Jermichael Finley and what could have been

Often times, the culture around social media and the general way fans interact with sports in their daily lives leans towards frenzy and tension. Twitter and Instagram interactions can be particularly virulent in this regard. However, with all Aaron Rodgers news bringing out the worst in everyone, it is wise to temporarily withdraw from the cesspool of projection and breathe quietly for a while.

In my own quest to get away from the fire, I found myself reflecting on some of my favorite Packers memories over the years. I didn’t become a big football fan until the late 2000s; many of my fond memories relate to the successive players during the Green Bay teams during the Rodgers era. These players were largely the driving force that led me to love football in the first place.

I owe much of this exposure to one of my best friends growing up. My boyfriend – let’s call him Nathan, who lived across the street from me – had a complex depth of the Packers roster. He always kept me up to date with the players who would be the next big thing, and Jermichael finley was one of the first Packers players I got attached to.

The next big thing

At the start of my NFL fandom, Finley looked like the next big thing. This guy was going to be the future of the tight position. He was going to have an impact on the pitch similar to players like Tony González and Antonio gates.

Watching this screening unfold in real time certainly seemed to keep that promise. Finley recorded 676 receiving yards and five touchdowns in his second season in 2009 with a 76.4% catch rate, apparently on track for a breakout campaign in 2010. His physical measurements also performed well. against these tight big names who were regular contributors to their teams.

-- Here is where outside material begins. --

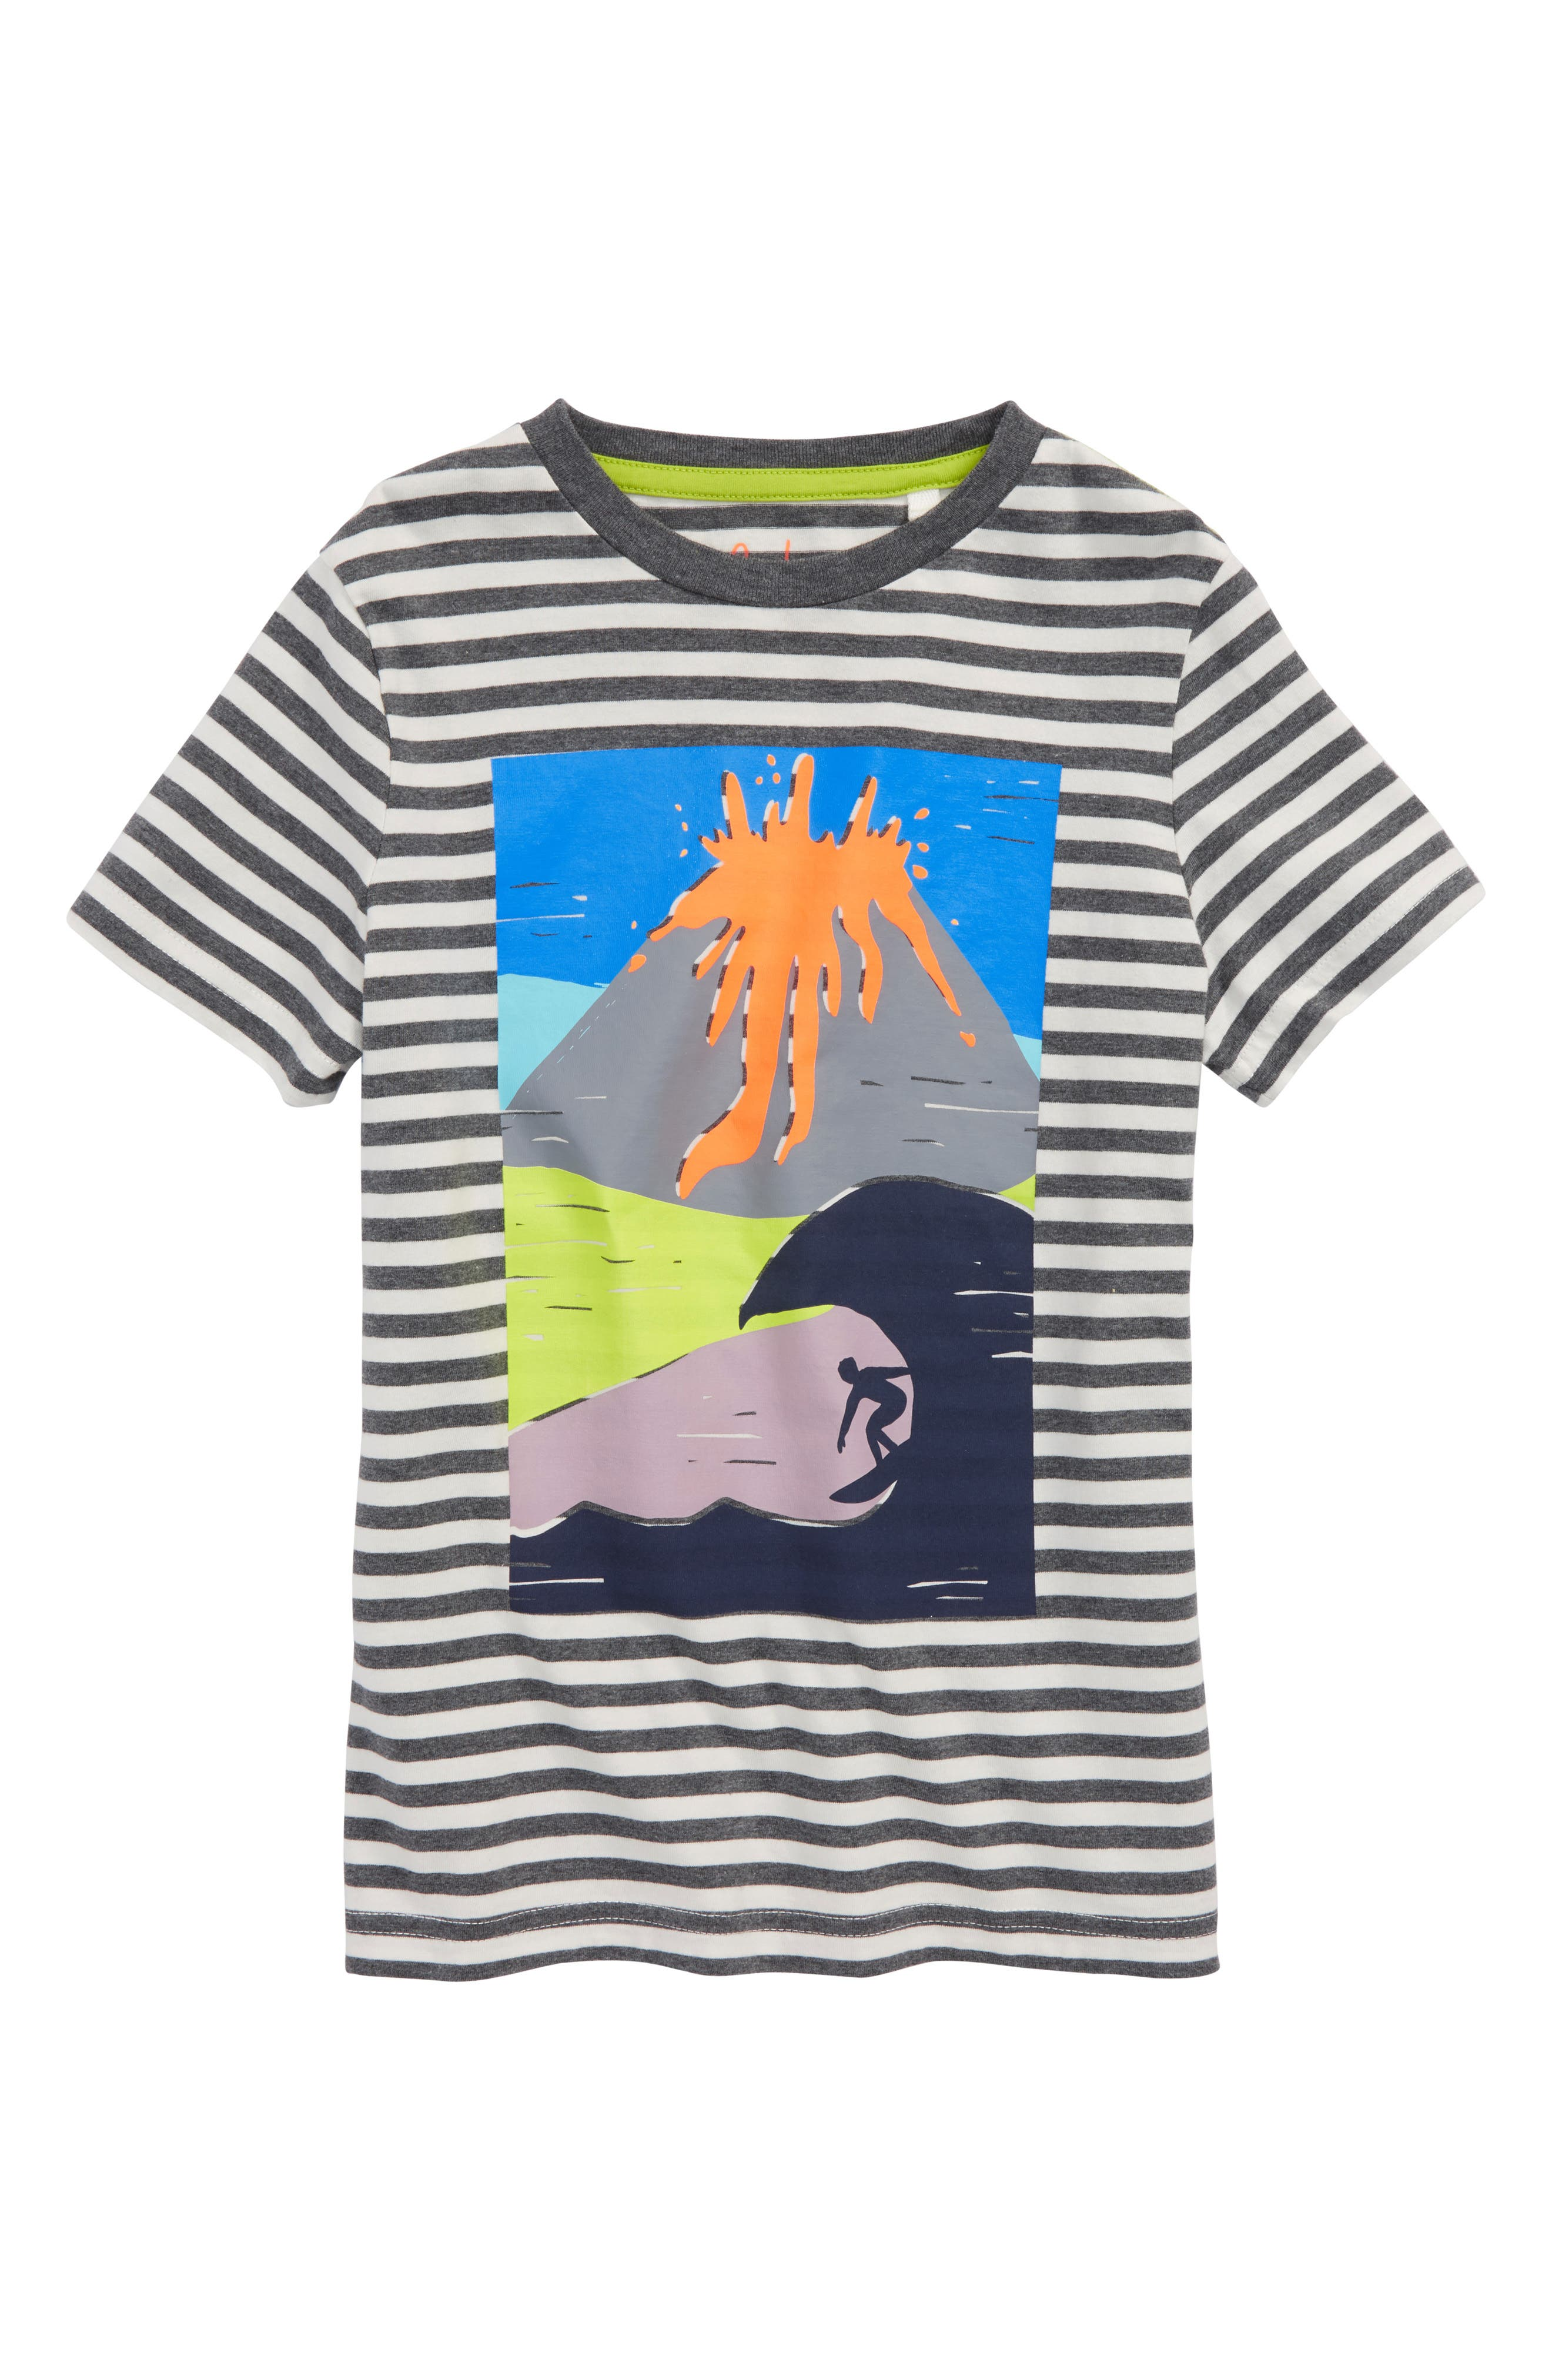 Arty Volcano T-Shirt,                         Main,                         color, 062

Finley, Gonzalez and Gates each measured on the combine at 6’4 “. Finley and Gonzalez each ran a 4.8 in the 40-yard scorecard, while Gates ran a 4.6. Gonzalez and Gates each ran a 4.8 in the 40-yard scorecard. both had basketball backgrounds to enter the NFL – Finley had also played AAU basketball. So many great tight ends in NFL history have done so as a result of potential basketball successes – ball.

In the eyes of Packers fans, Finley was going to be an offensive star whose abilities would play well over Rodgers, Greg Jennings, and Jordy nelson. His 2010 campaign started off gloriously, amassing 301 yards in five games with an 80% catch rate. Finishing all 16 games would have seen Finley approach the 1,000-yard mark for the first time in his career.

However, Finley would fall with an injury and miss the rest of the season, including the Super Bowl. He would return the following season and play 16 games in 2011 and 2012, but he would never be the same again. He had problems hanging on to the ball, and Finley had clearly lost a step before his final season in 2013.

Wounds on wounds

Finley’s biggest problem with his NFL career was that he couldn’t stay healthy.

His meniscus injury in 2010 that forced him to miss the rest of the season also forced him to miss the Super Bowl. This knee injury is made worse by five distinct known concussions, as well as the traumatic spinal cord injury that effectively ended Finley’s career in 2013. Ultimately, it was too much for Finley to overcome, and he went on. announced his retirement in 2015.

Like many former NFL players, repeated head and neck injuries have taken a heavy toll. Finley detailed many of these aftermaths in an article on The Players Tribune in 2017. His depiction of his own struggles with his mood and temper with his concussions and neck injuries is sobering. While his talent is often too hard to dispute, it’s clear that Finley made the right decision in retiring.

Team impact

Seven years after Finley’s playing days, it’s curious to wonder what could have been. If Finley had played a long and productive career with Green Bay, how would that have affected the fortunes of the team?

I think of a few defining moments that could have been avoided with competent tight play. The fallout from Finley’s retirement ultimately resulted in Brandon bostick‘s failed kick recovery. Finley’s presence on this team would likely have pushed either Andrew Quarless or Richard rodgers in that special teams role – anyone other than Bostick would have done it there. This tight 2014 room was devoid of talent following Finley’s injury.

There’s also a world where, while Finley has a 10-year career with Green Bay, the Packers don’t waste their money on Jimmy graham in 2018. Graham’s signing was a flop, and it was a decision to try and get Rodgers a weapon similar to the one he had at Finley. Obviously, it didn’t work. The position was revitalized with the emergence of Robert tonyan last year, although the consistency of 2014-19 would have shaped this team’s fortunes much differently.

While it doesn’t do much to bemoan the past and “what could have been”, Finley’s burgeoning career could have taken the franchise to new heights. He has helped pave the way for the physical archetype of the tight end that so many teams seek to help their quarterbacks. Creating such a mismatch serves the offense well, and Finley could capitalize on these clashes more often than not.

With a ring to his name, we can’t call Finley’s career unsuccessful by any metrics. Although it was a shame, he couldn’t spend more time on the pitch catching passes from Rodgers. However, its effects on the team had a lasting impact on both front office decisions and players.